Que exames são normalmente solicitados após esse diagnóstico?

Podem ser solicitados exames toxicológicos para identificar a presença de sedativos/hipnóticos, exames laboratoriais básicos para excluir causas médicas e, se indicado, imagem cerebral para afastar lesões estruturais.

O paciente poderá voltar ao trabalho logo?

A capacidade de retornar ao trabalho depende da gravidade dos sintomas, do risco à segurança e da resposta ao tratamento; isso é avaliado clinicamente e documentado em atestados.

Qual a diferença entre F13.5 e F13.4 na prática clínica?

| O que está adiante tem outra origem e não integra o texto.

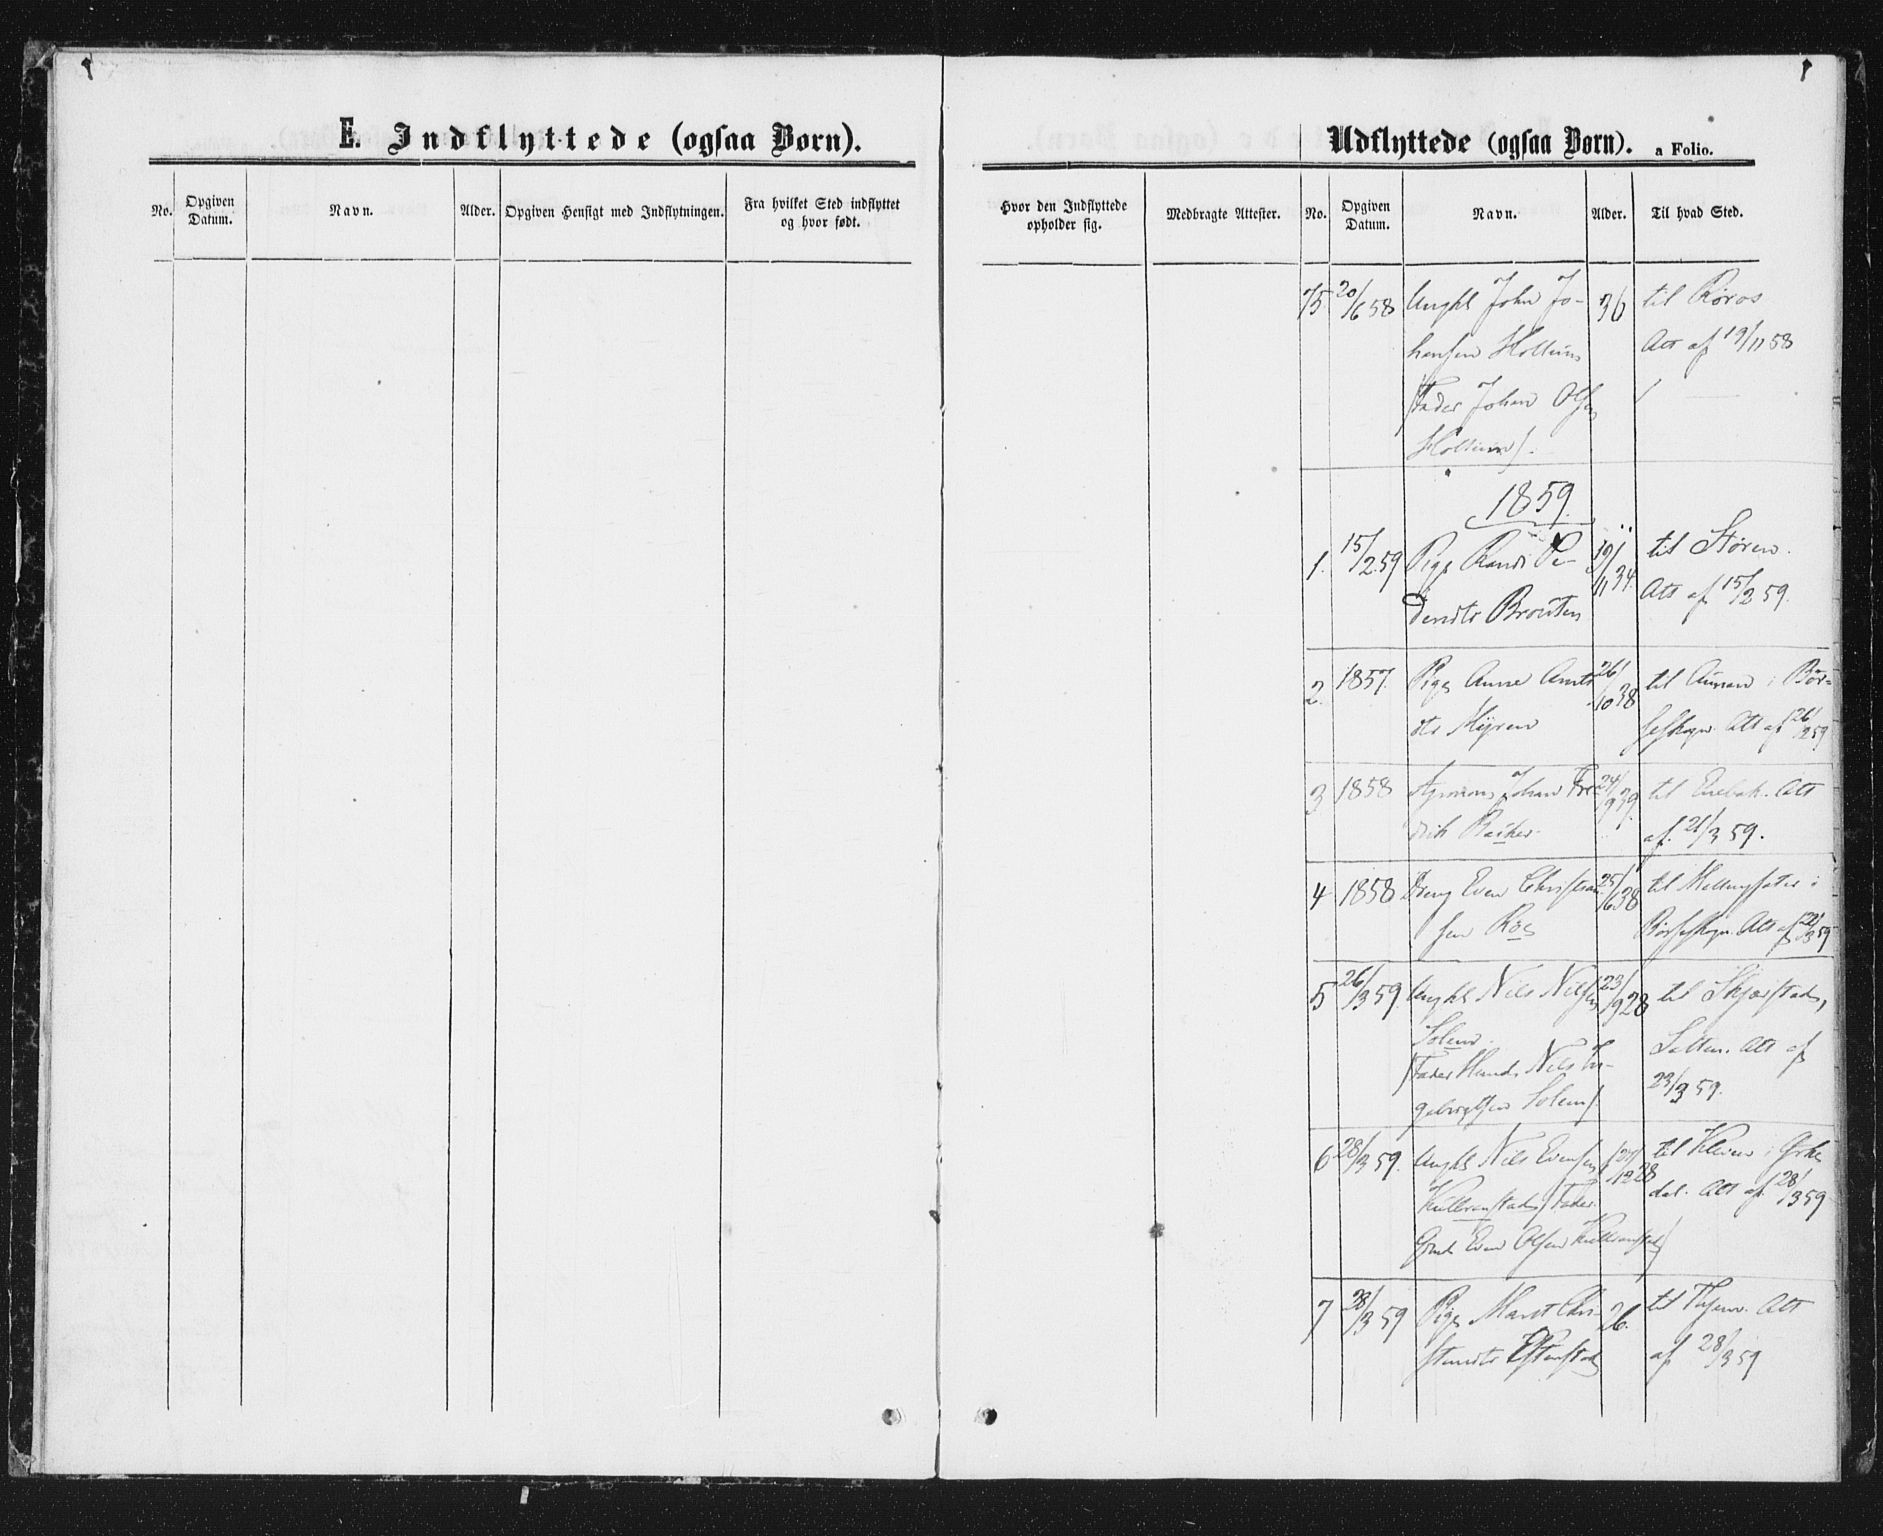 SAT, Ministerialprotokoller, klokkerbøker og fødselsregistre - Sør-Trøndelag, 691/L1078: Ministerialbok nr. 691A10, 1858-1861, s. 4

F13.4 refere-se à síndrome de abstinência sem predomínio de psicose; F13.5 é usado quando há delírios ou alucinações atribuíveis à substância.

Leve estas perguntas

O que perguntar ao seu médico (5)
  • Há histórico documentado de uso ou prescrição de sedativos/hipnóticos e qual a dose/tempo aproximado de exposição?
  • Quando os sintomas psicóticos começaram em relação ao uso, suspensão ou redução da medicação?
  • Existem sinais de intoxicação aguda ou de abstinência que sustentem etiologia por substância?
  • Há evidência clínica ou laboratorial de uso concomitante de outras drogas que possam explicar a psicose?
  • Os sintomas persistem além do período esperado para eliminação da substância, sugerindo transtorno psicótico primário?
O que perguntar ao seu advogado (4)
  • A documentação clínica descreve vínculo temporal e causal entre o uso de sedativos/hipnóticos e os sintomas psicóticos necessários para perícia?
  • Quais são os critérios aceitos por perícia para caracterizar incapacidade temporária neste quadro específico?
  • Como a presença de uso prescrito versus uso não prescrito influencia direitos trabalhistas e previdenciários?
  • Qual prova documental (relatórios, exames toxicológicos) é mais decisiva em processos sobre afastamento por este diagnóstico?
O que perguntar ao seu plano de saúde (3)
  • Este diagnóstico exige envio de laudo clínico detalhado para autorização de internação ou procedimentos associados?
  • Que critérios a operadora costuma considerar para autorizar tratamento hospitalar relacionado a transtorno psicótico por substância?
  • Há necessidade de relatório psiquiátrico e registro de toxicologia para análise de cobertura por complicações associadas?

Estas perguntas são um ponto de partida para a conversa. Este site não responde por elas nem substitui avaliação profissional.